Independent epidemiological studies have revealed a robust correlation between bacterial microbiota dysbiosis and autoimmune and CIDs. Given the comprehensive discussion of the importance of the bacterial microbiome in these diseases (Belkaid and Hand, 2014), we will focus on the influence of other multibiome members in regulating intestinal inflammation.

5.1. Multibiome-host Interactions Influence Intestinal Inflammation and Inflammatory Bowel Disease

Emerging data indicate that interactions between the virome, intestinal bacteria and host genetics can all contribute to IBD. Polymorphisms in the autophagy gene Atg16L1 are associated with IBD (Cadwell et al., 2010). Mice with a mutation in this gene infected with a persistent strain of MNV and given dextran sodium sulfate (DSS - a chemical that induces intestinal inflammation) developed enhanced colitis compared to littermate controls. Notably, inflammation was dependent on the presence of commensal bacteria, providing support for a multi-hit model of IBD, in which viral infection, the bacterial microbiome and genetic susceptibility collaborate in the development of IBD (Cadwell et al., 2010).
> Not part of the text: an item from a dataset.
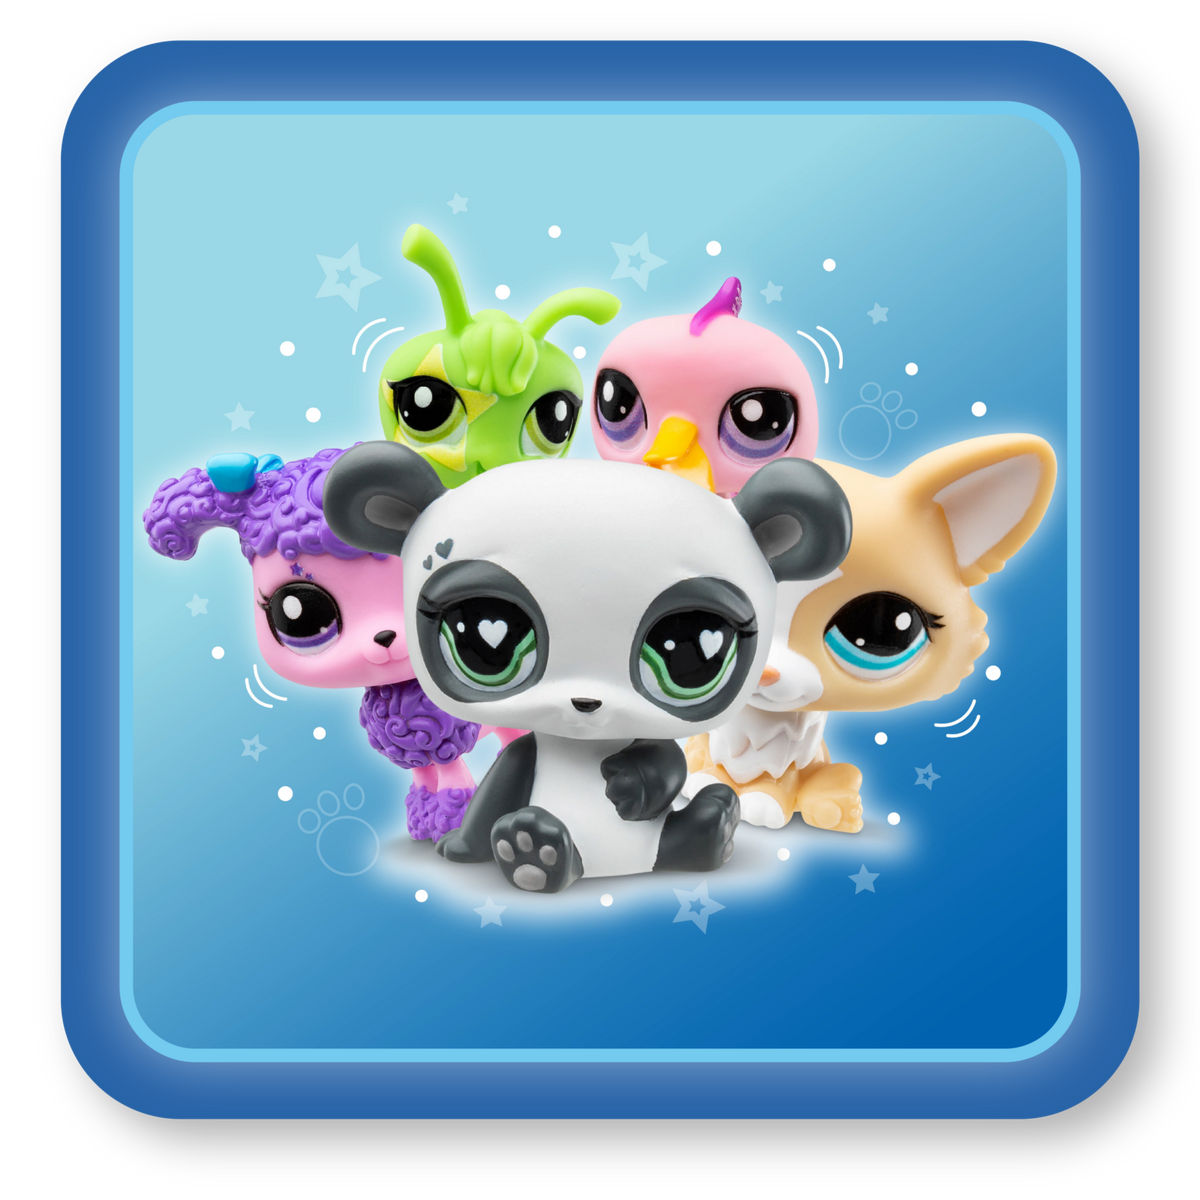 Newstalgia: Basic Fun!, Hasbro Ink Deal to Relaunch Littlest Pet Shop in  2024 - The Toy Book

Similar reports of MNV-microbiome-host interactions involved in IBD development have been observed in mice lacking a key regulatory cytokine (IL-10) that mediates immune tolerance to the bacterial microbiota and resolves inflammation after infection (Basic et al., 2014). Providing clinical relevance for these murine studies, epidemiological data suggests that huNoV infections are associated with post-infectious chronic irritable bowel syndrome and enteropathy development (Zanini et al., 2012, Woodward et al., 2015) although the genetics of susceptible populations remain unknown.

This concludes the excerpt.